> [Your objective]
Provide an exact copy of the data, excluding the images.

> [Source data]
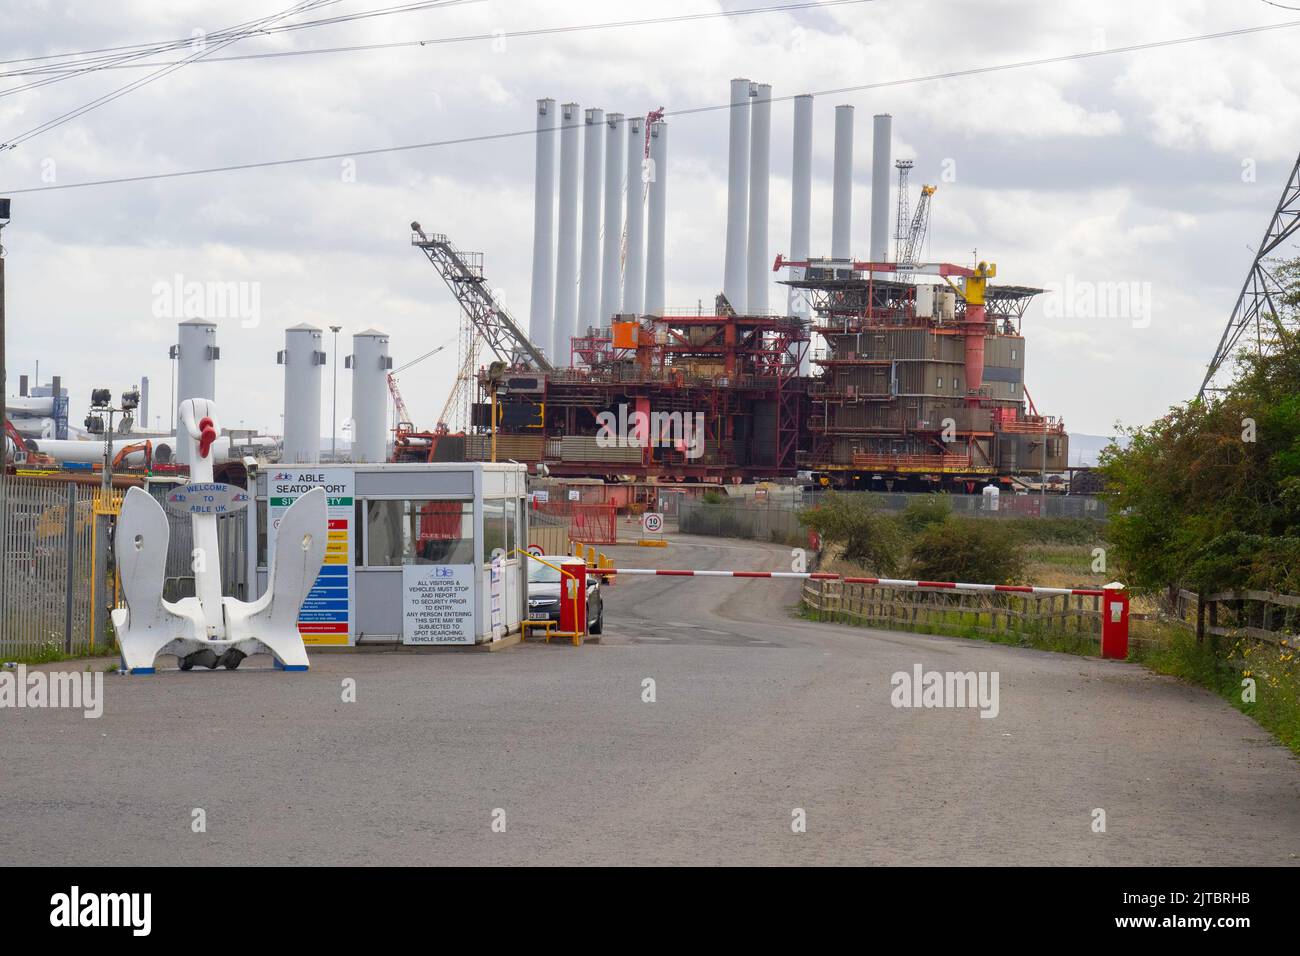 Terrasse supérieure d'une plate-forme de production de pétrole et de gaz offshore pendant le recyclage dans l'usine britannique de Seaton Carew Banque D'Images
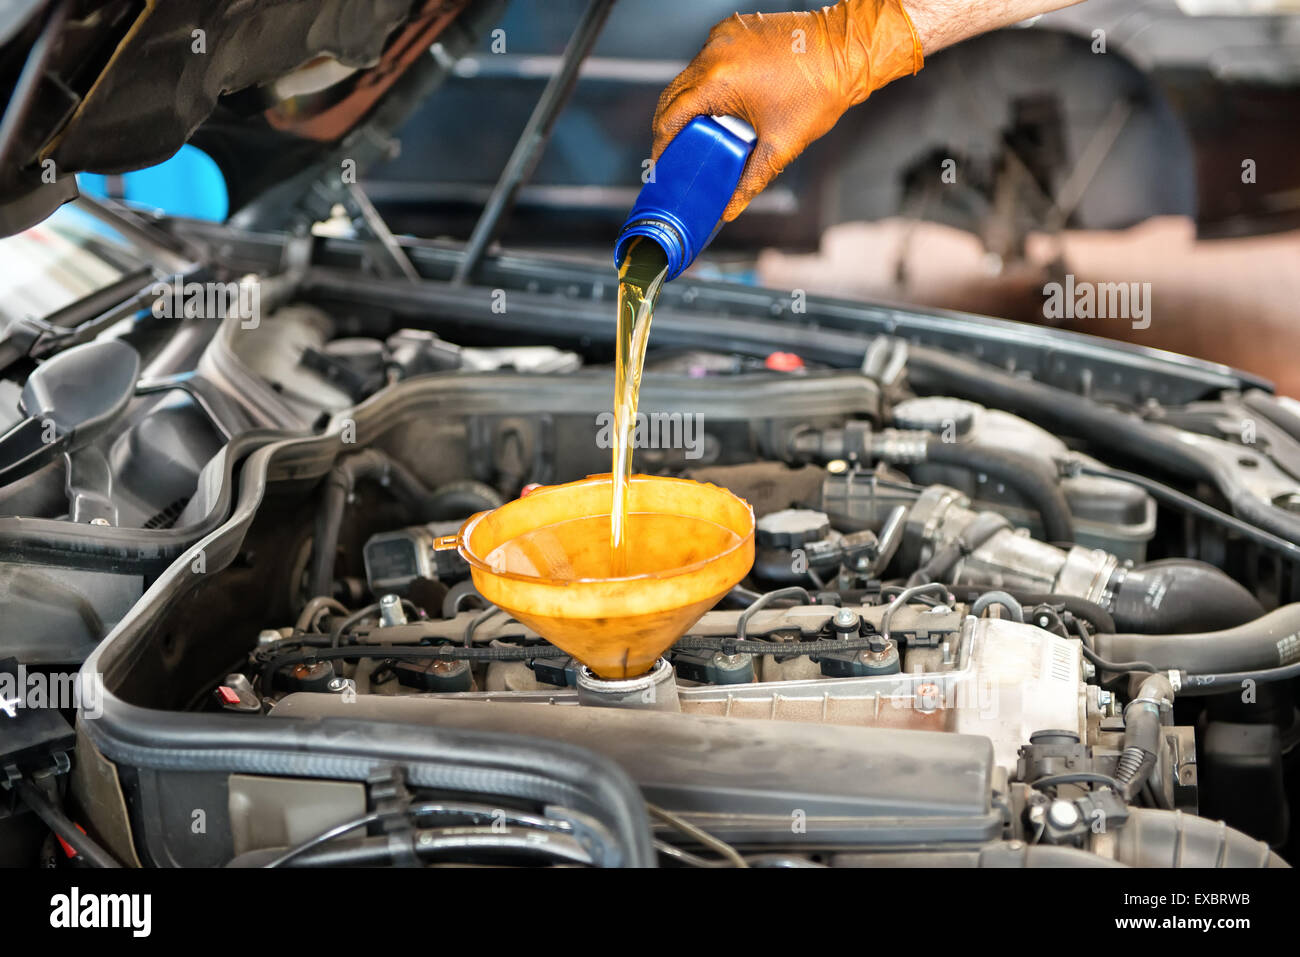 Mechaniker Nachfüllen des Öls in einem Auto Gießen einen Pint Öl durch einen Trichter in den Motor Nahaufnahme von seiner Hand und das Öl Stockfoto
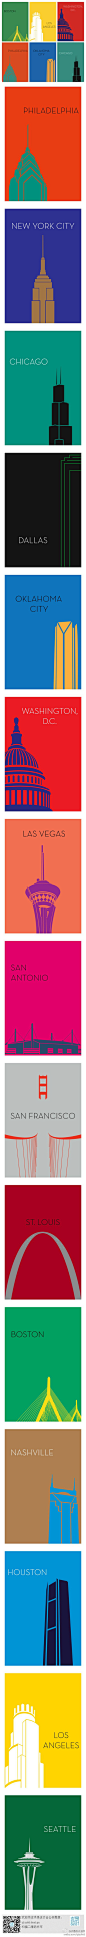 城市极简明信片设计。平面设计师Ryan M. Russell设计了一套色彩明亮的极简城市明信片系列。
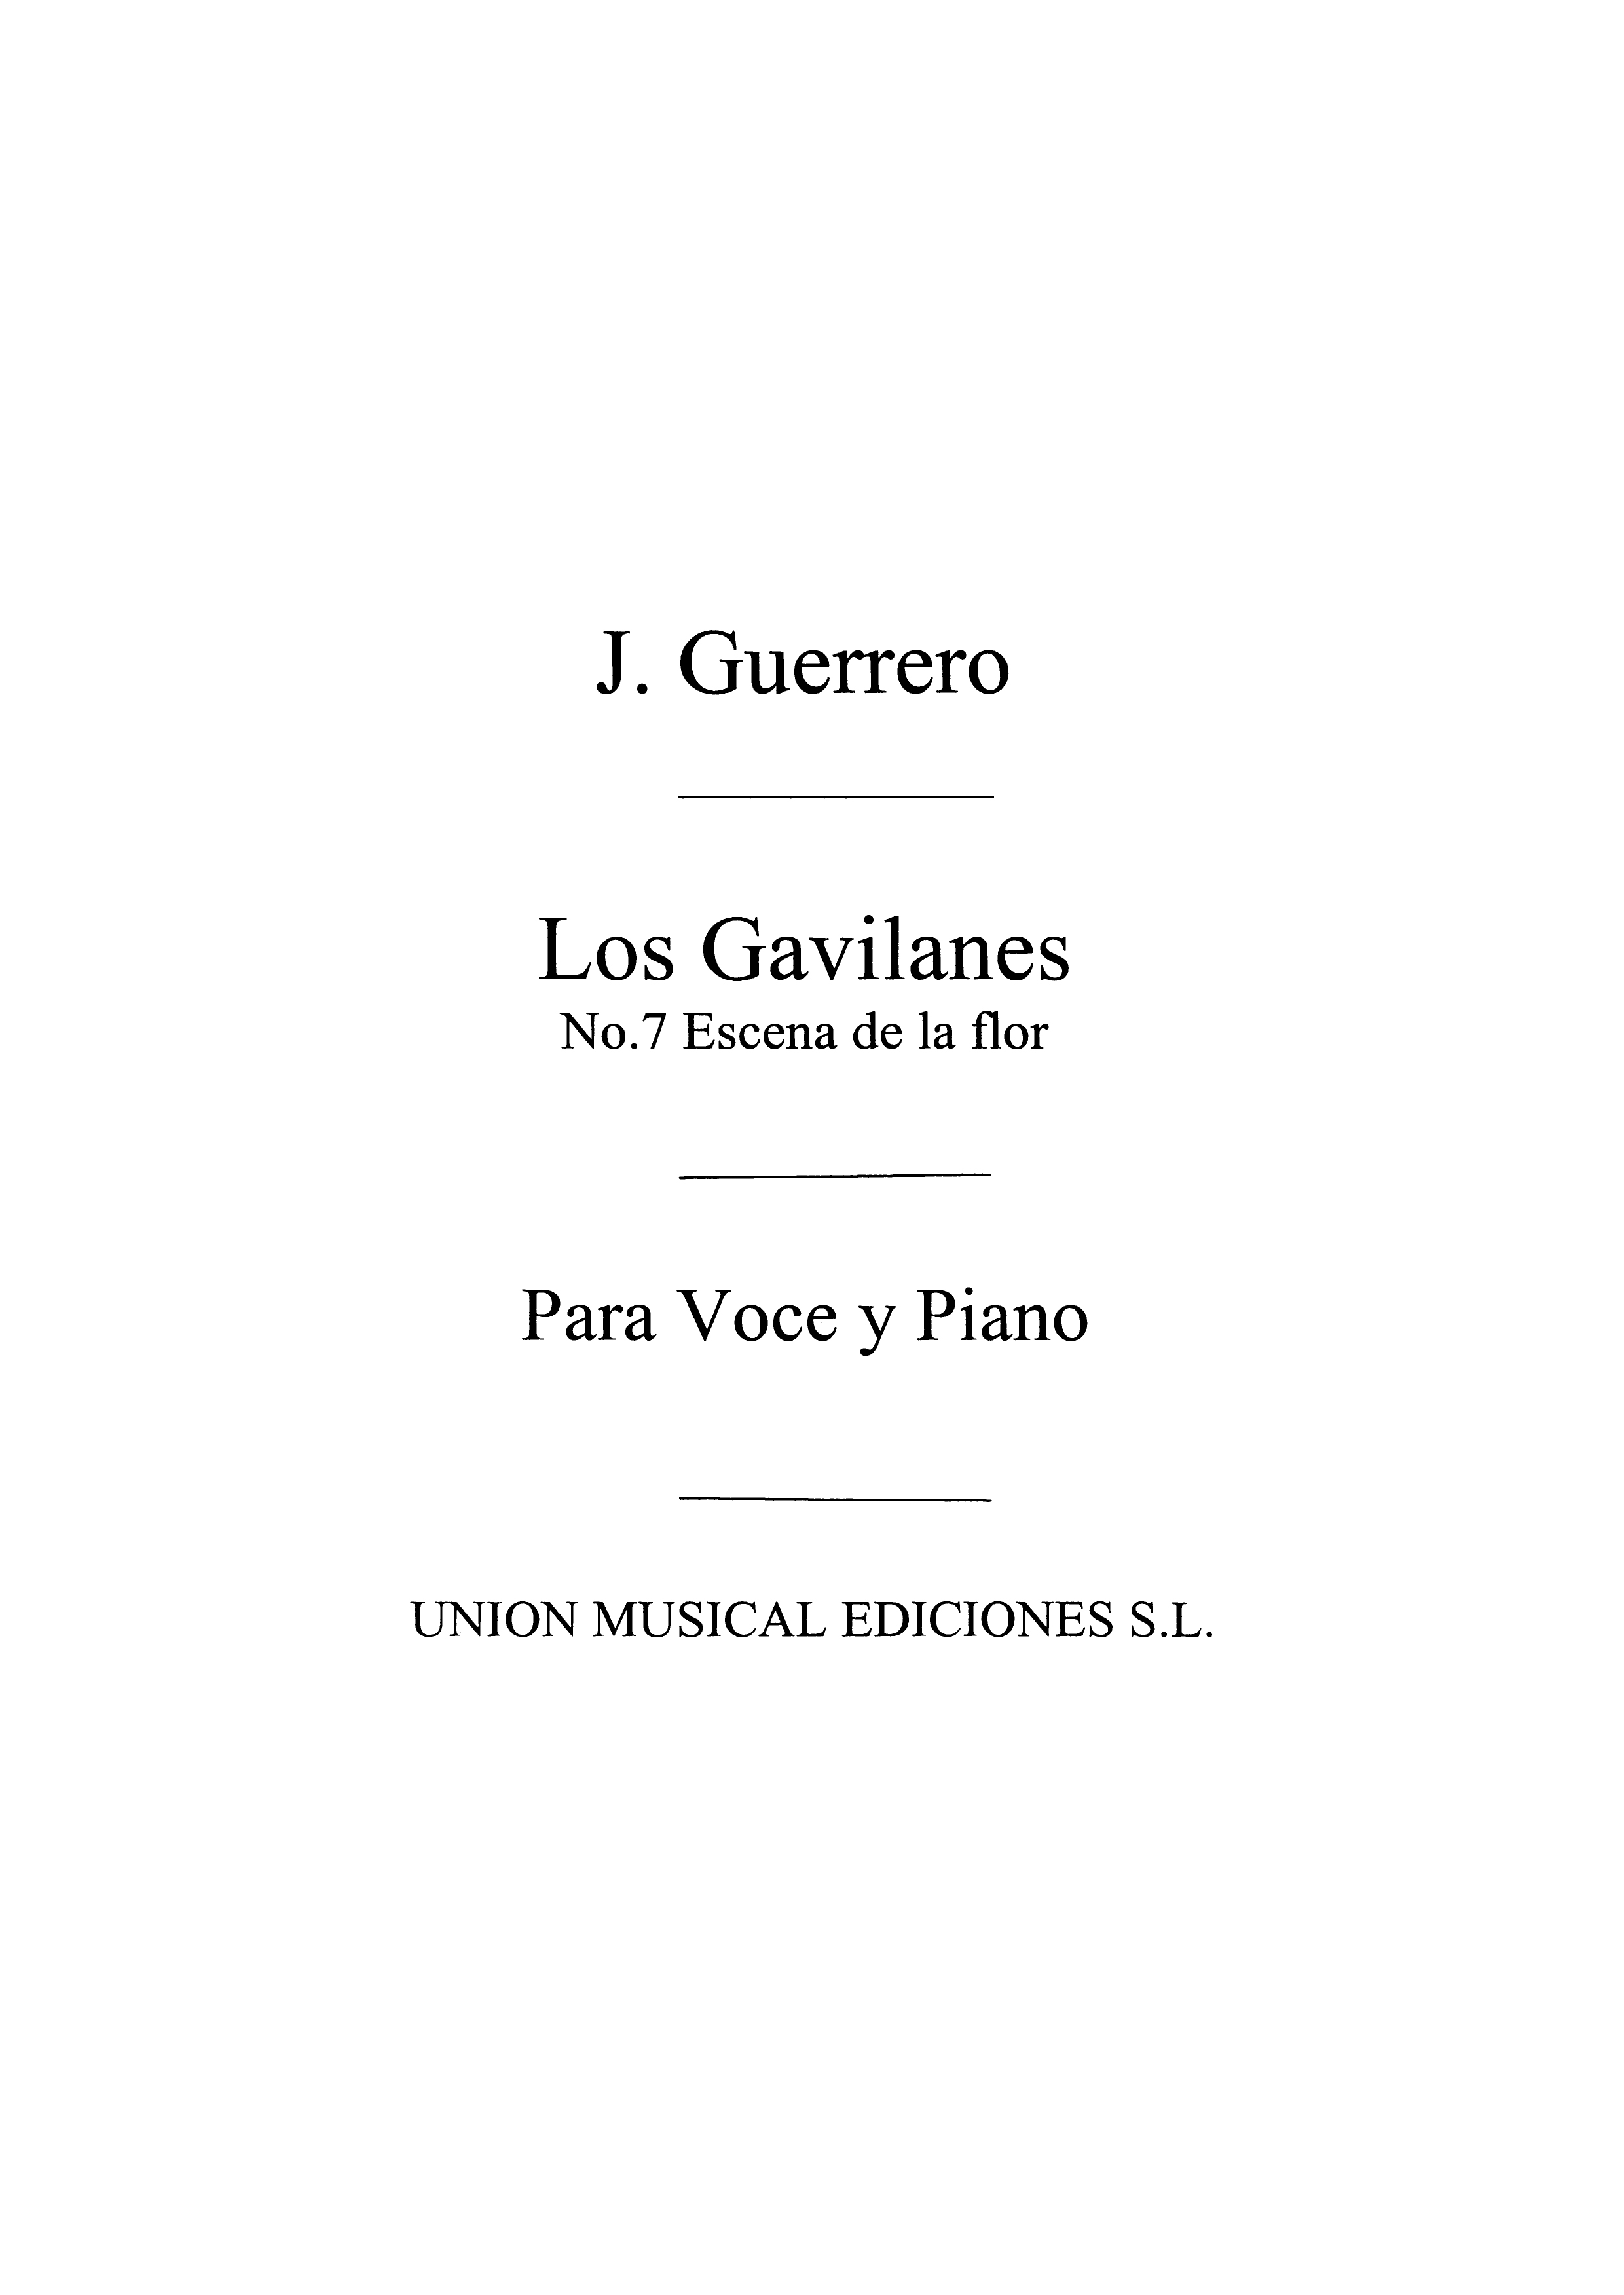 Jacinto Guerrero: Escena No.7 De Los Gavilanes

> [Output of the exercise]
 Terrasse supérieure d'une plate-forme de production de pétrole et de gaz offshore pendant le recyclage dans l'usine britannique de Seaton Carew Banque D'Images
 Mechaniker Nachfüllen des Öls in einem Auto Gießen einen Pint Öl durch einen Trichter in den Motor Nahaufnahme von seiner Hand und das Öl Stockfoto
 城市极简明信片设计。平面设计师Ryan M. Russell设计了一套色彩明亮的极简城市明信片系列。
 Jacinto Guerrero: Escena No.7 De Los Gavilanes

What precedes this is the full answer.